L’on rencontre rarement Jean Tzetzès dans les livres ; et quand il est question de lui, ce n’est qu’en passant, et un singulier silence demeure malgré tout, autour de son nom. Il faut dire que la matière n’abonde pas sur sa vie, et que ses ouvrages, nombreux, sont pour la plupart inédits : il laisse une Théogonie, des Allégories et Abrégés sur Homère (les Ante-Homerica, les Homerica, les Post-Homerica), des commentaires sur Hésiode, Aristophane et d’autres auteurs grecs ; son Iliaka est une épopée en trois Livres sur la Guerre de Troie ; il existe aussi une centaine de ses Lettres, adressées à des érudits et aux puissants de son temps. S’il est encore lu par quelques uns de nos jours, c’est pour ses Chiliades, une compilation d’anecdotes puisées chez quelque 400 auteurs, évoquant les textes importants de la littérature grecque et réparties en 13 livres de 1000 vers chacun.
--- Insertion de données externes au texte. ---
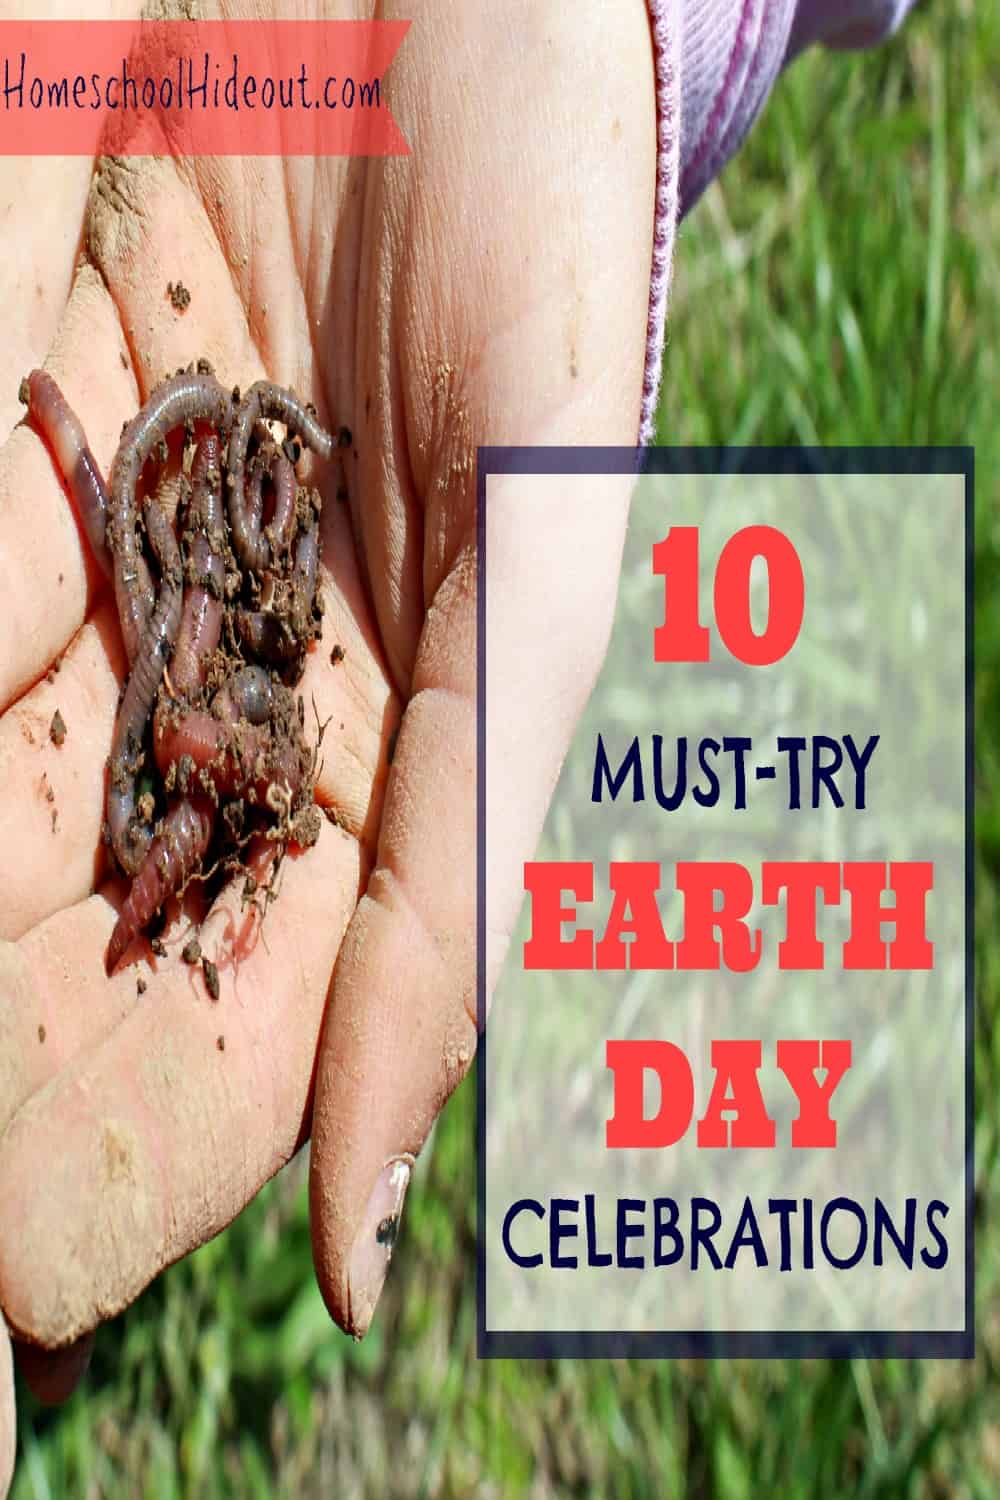 10 of the best ideas to celebrate earth day without spending a lot of money! (HINT: Get your hands dirty!)

Il naît vers 1110 de Michel Tzetzès et d’Endocie ; il a pour frère Isaac Tzetzès qui fut un savant lui aussi. C’est un Grec, originaire de Constantinople : issu d'une famille aisée, il est secrétaire et professeur dans cette ville. Il correspondra avec Irène, l’épouse d’Andronic Ier Comnène, empereur byzantin de 1183 à 1185. Il fut surnommé « le Grammairien » en raison d’un don qu’il manifesta dès le plus jeune âge : sa mémoire exceptionnelle, qui frappa ses contemporains pourtant exercés à la récitation et au souvenir mnémotechnique. Jean Tzetzès pouvait réciter par cœur tous les livres qu’il avait lus : les classiques grecs qu’il avait commentés, mais aussi la Bible tout entière, du Pentateuque à l’Apocalypse. Ce Funes borgésien des livres (1) s’enorgueillissait en affirmant que jamais encore Dieu n’avait créé un homme qui eût possédé une mémoire plus considérable que la sienne. Quand il meurt, vers 1185, c’est véritablement une bibliothèque qui disparaît, selon les mots de beaucoup de traditions orales, notamment africaines (2). De cet esprit encyclopédique, il reste des bribes dans les mémoires, dont ce billet est encore la moindre.
Jean Tzetzès est un homme-livre du XIIème siècle : c’est dire assez comme il est l’une de ses ombres.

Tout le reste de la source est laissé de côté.